Hercules_(2014_film)_poster

The Legend of Hercules is a film that I first saw with my BFF Evelyn way back in January.  And while I meant to review it after I first saw it, I simply never got around to actually doing so.  Some of that is because, when Kellan Lutz first showed up on screen, Evelyn said, “Nice tits,” and I ended up laughing so hard that I nearly fell out of my seat.  This led to Evelyn spending the entire film trying to make me laugh again and, in between all of the whispering and the giggling, we undoubtedly missed out on a lot of the film.

However, I recently rewatched The Legend of Hercules on Cinemax and I was quickly reminded about the other reason that I hadn’t gotten around to reviewing it.  There’s really just not that much to say about The Legend of Hercules.  It’s just not a very good film but yet it’s not bad in a fun way either.  It’s just boring.  As played by Kellan Lutz, Hercules wanders through the ancient world and he does all the stuff that you would expect Hercules to do.  Actually, he does all the stuff that you would expect any character in a rip-off of 300 to do.  The film could have just as easily been called The Legend of Eammon, an Irishman in Greece.  

In fact, I’d really like to see a movie called The Legend of Eammon, an Irishman in Greece.  Get on it, someone.

According to Wikipedia, The Legend of Hercules had a budget of 70 million dollars, which makes it a bit odd that the film itself just looks cheap and generic.  At one point, Hercules fights a lion and the CGI is so bad that, for a few minutes, the movie looks like one of those senior projects that students occasionally upload to YouTube.  (I was half-expecting to see a comment apologizing for the “crappy special effects” flash across the screen.)  During the film’s many fight scenes, director Renny Harlin does that thing where every punch is shown in slow motion.  It gets annoying after the hundredth time.

A few words about Kellan Lutz.  I happen to like Kellan Lutz.  I think he’s been likable in other roles.  But, in The Legend of Hercules, he really did spend the entire movie looking like he was wishing that he could be anywhere else.  But can you blame him?

Pompeii-posterFor a far more enjoyable trip into the past, allow me to recommend a film that came out a few months after The Legend of Hercules, Pompeii. 

Now, before I review Pompeii, I should admit that, as you all know, I am a history nerd and, as you all might not know, I’ve always been fascinated by the Roman Empire.  The summer after I graduated high school, I took a trip to Italy and I actually walked through the streets of Pompeii.  My two main memories of Pompeii: while we were touring an ancient brothel, an Australian man lay down on one of the slabs.  My other memory is that it was a very windy day and I was wearing a skirt so I can legitimately say that not only have I visited Pompeii but I’ve flashed Pompeii as well.

Anyway, Pompeii the Movie tells the story of the final days of Pompeii the City.  A Celtic slave and gladiator named Milo (Kit Harrington) is sent to Pompeii where he, in quick order, meets and romances the noble Cassia (Emily Browning), establishes a friendly rivalry with fellow gladiator Atticus (the always intimidating Adewale Akinnuoye-Agbaje), spots the evil Roman General (Kiefer Sutherland) who killed Milo’s mother, and then eventually has to run for his life as a cloud of ash and a river of lava crashes down on Pompeii.

Pompeii is a lot of fun.  Harrington and Browning have a lot of chemistry, all of the actors are obviously having a good time with their melodramatic dialogue, and Kiefer Sutherland was born to play an evil Roman.  As opposed to the Legend of Hercules, Pompeii looks good and the eruption of Mt.

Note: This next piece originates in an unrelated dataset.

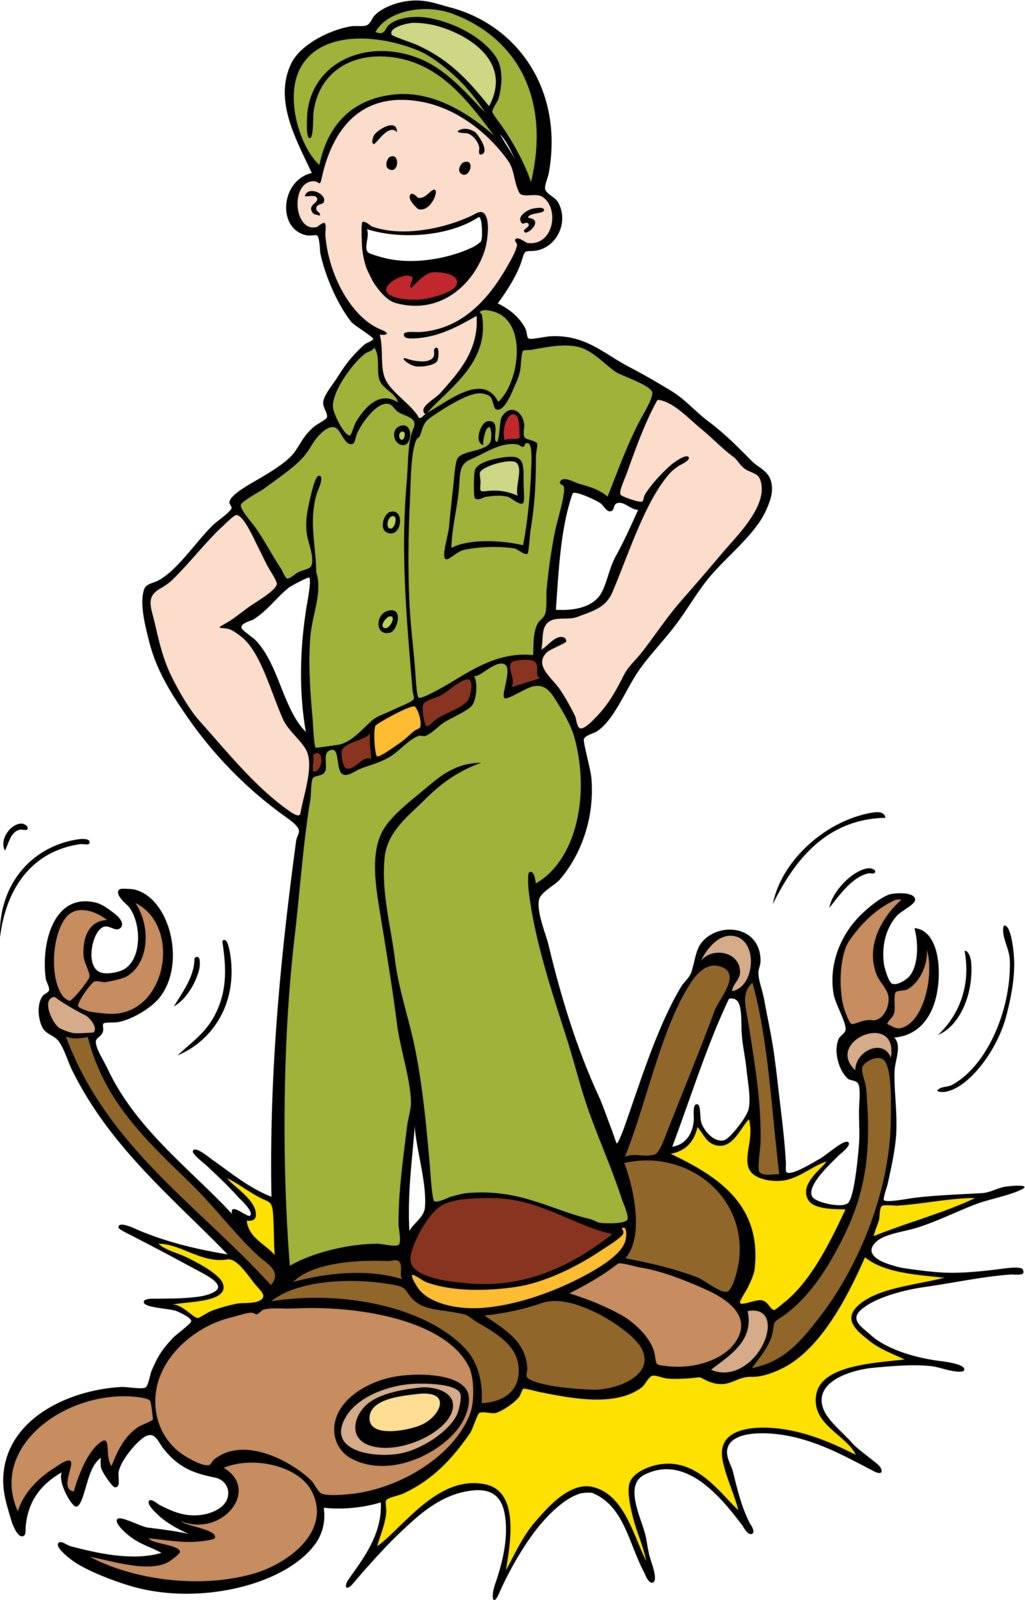 Cartoon image of exterminator killing termites.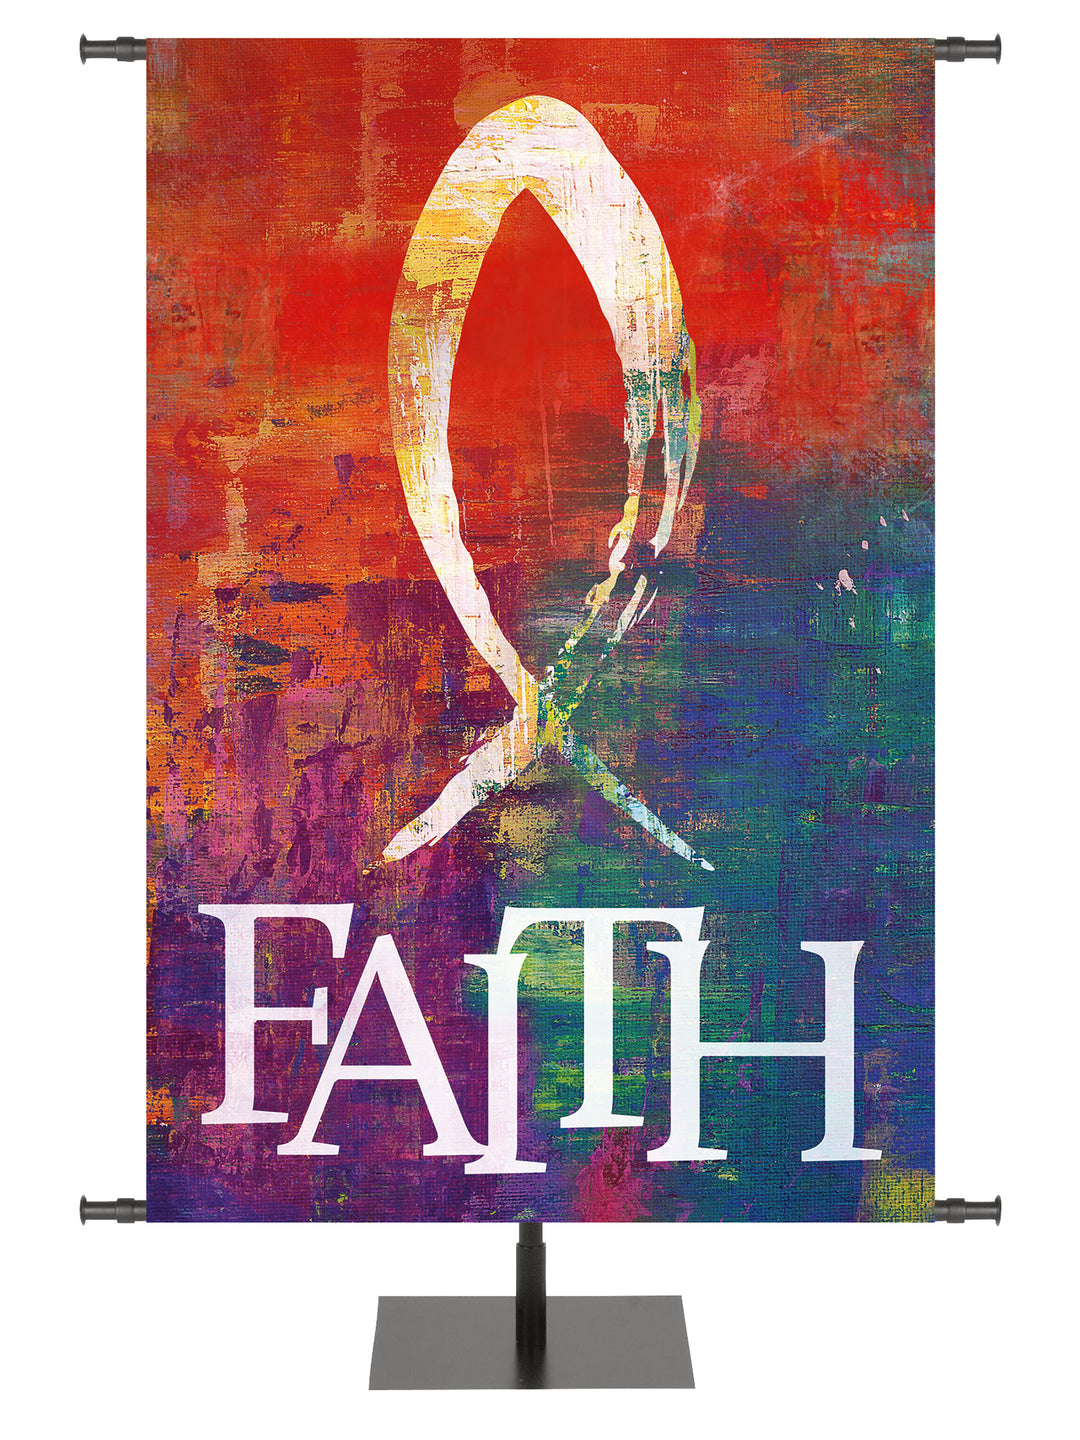 Brush Strokes of Faith Fish and Faith - Year Round Banners - PraiseBanners

Vesuvius is genuinely impressive.  Perhaps best of all, the film actually allows things to play out to their natural and logical conclusion.  For once, history is not changed just to force a happy ending on the viewers and Pompeii is all the better for it!

So, in conclusion: forget about The Legend of Hercules and give Pompeii a chance.  Actually, you’ve probably already forgotten about The Legend of Hercules so just try not to suddenly remember it.  But seriously, Pompeii is better than you might think.